Die Vorstellung, der Mensch stünde zwischen Gut und Böse und habe die Wahl, sich entweder auf die eine oder andere Seite zu schlagen, ist wohl eine Erinnerung an die historische Ur-Erfahrung, die aus solchen traumatischen Begenungen resultiert, genauso wie die Angst, dass das Böse erst dann Ruhe geben könnte, wenn es ausgemerzt ist.
Auf einer von außen schlecht zugänglichen Insel wie Japan fehlen hingegen die Voraussetzungen für diese Ideologie. Die kulturellen und sprachlichen Unterschiede sind selbst zwischen rivalisierenden Menschengruppen nicht so groß, dass man sich nicht untereinander hätte verständigen können.
Dafür war auf dem Kontinent die Natur eher stabil, sie konnte idealisiert werden als ein Zeichen göttlicher Ordnung, die von den Menschen und den bösen Mächten immer wieder gestört wird.
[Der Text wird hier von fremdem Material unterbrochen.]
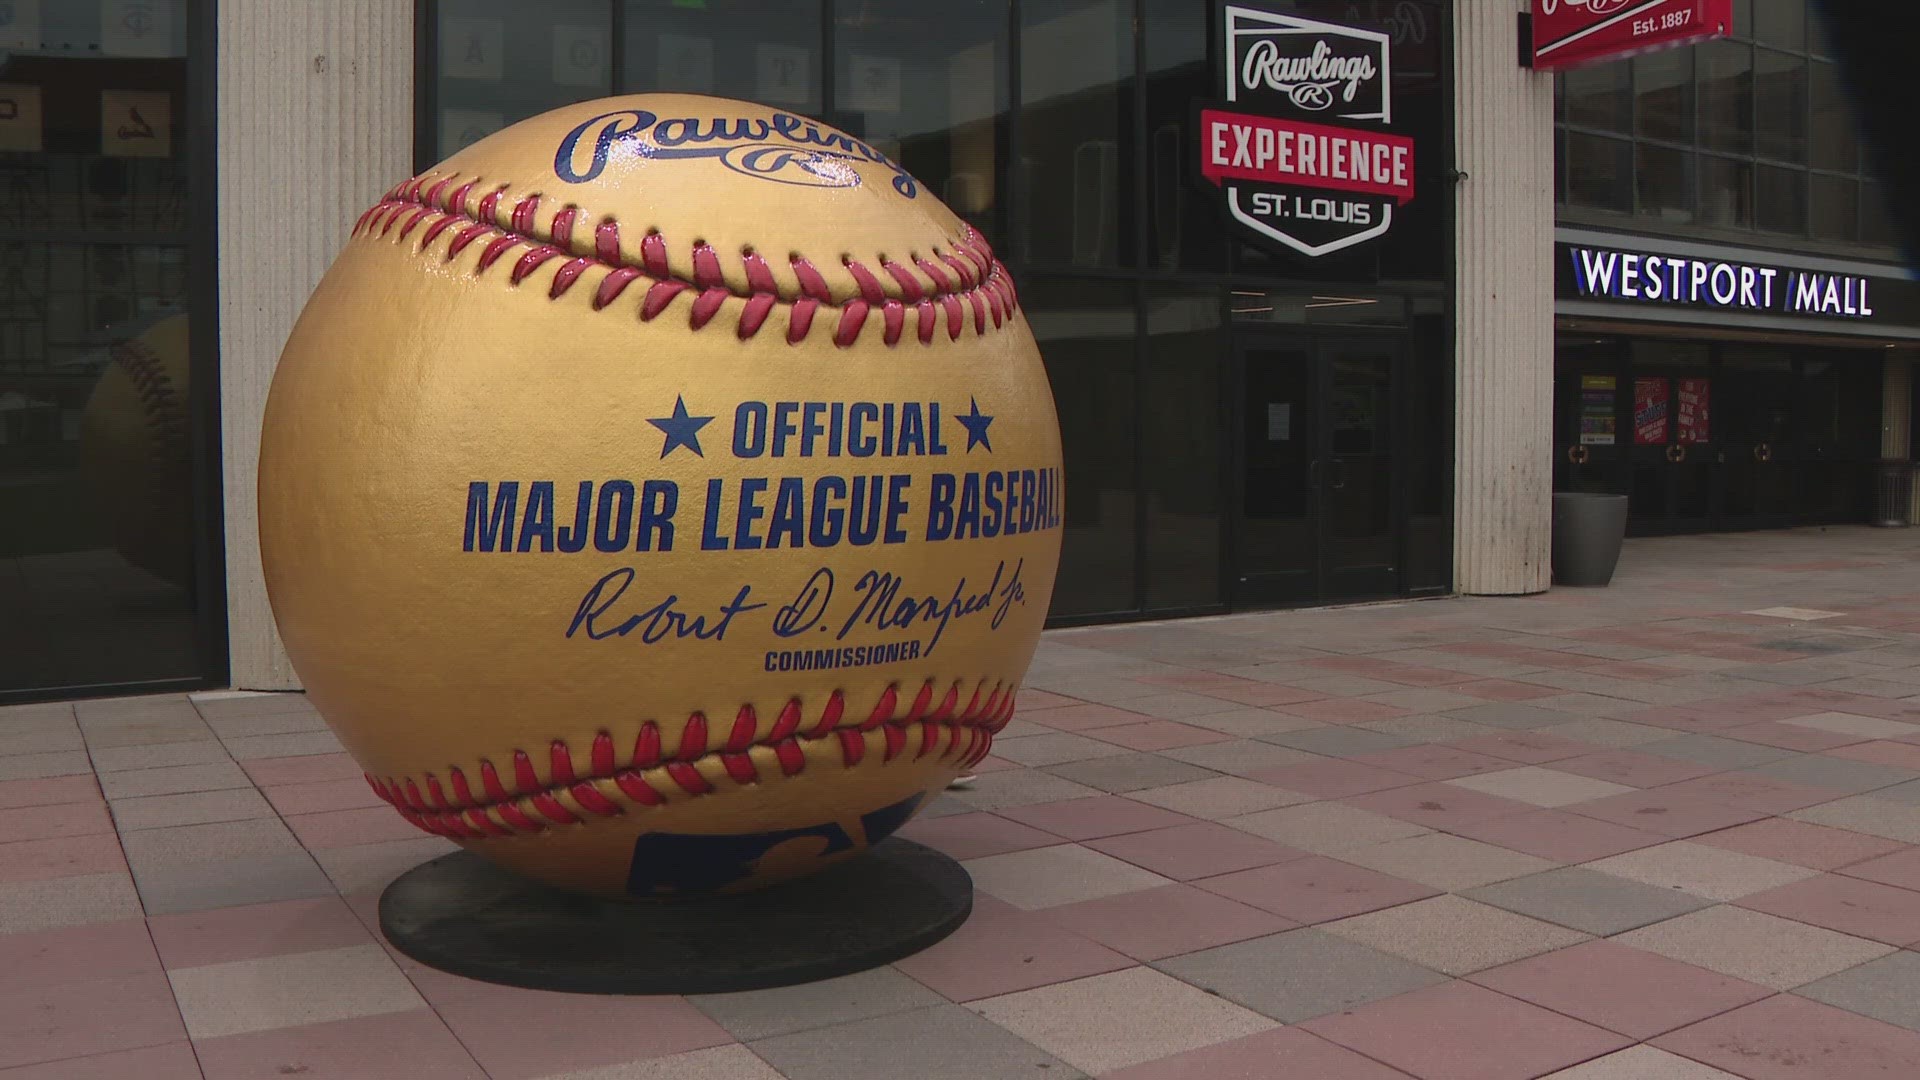 The Rawlings Experience opens Friday in Maryland Heights. Baseball fans can take a look back at baseball history and use new technology with a batting simulator.

In Japan war es wohl eher umgekehrt. Man wird seit Menschengedenken so häufig von verheerenden Naturkatastrophen heimgesucht, dass sich die Frage, ob dies eine himmlische Bestrafung irgendwelcher Sünden sei, gar nicht erst stellen konnte. Eine Reaktion wie nach dem Erdbeben von Lissabon im Jahr 1755 – als alle Welt erschüttert war und noch Jahrzehnte später über den Sinn einer solchen Katastrophe nachdachte- ist nicht möglich, wenn die Erde alle paar Tage spürbar bebt, wenn man weiß, dass jederzeit aus heiterem Himmel irgendein verheerender Tsunami über den Pazifik hereinbrechen kann, der ganze Landstriche zerstört; wenn man täglich in der Nähe rauchender Vulkane lebt, die alle paar Jahre Feuer und Asche speien.
Für das japanische Verständnis ist die Natur zu jeder Zeit weder gut noch böse, sondern einfach nur schön, fruchtbar und furchtbar zugleich, vor allem unberechenbar. Erdbeben, Tsunamis, Taifune, die die Lebenswelt alle paar Monate grundlos und vollkommen zerstören konnten, gehören seit eh und je zur alltäglichen Elementarerfahrung. Man kann sich als Mensch mehr schlecht als recht dagegen schützen, - kontrollieren kann man diese Erscheinungen nicht. In so einer Umwelt kommt es vor allem auf die Solidarität unter den Menschen an, die sich gegenseitig helfen. Ein Mensch, der sich asozial verhält, gefährdet sich in solch einer Umgebung vor allem selbst, bevor er eine Gefahr für das Kollektiv darstellt.
Ich frage mich indes: Ist das Denken in "Gut-und-Böse-Kategorien" Japanern wirklich so fremd? Und: Wie stark wird japanisches Denken in dieser Hinsicht heute durch westlichen Einfluss überlagert?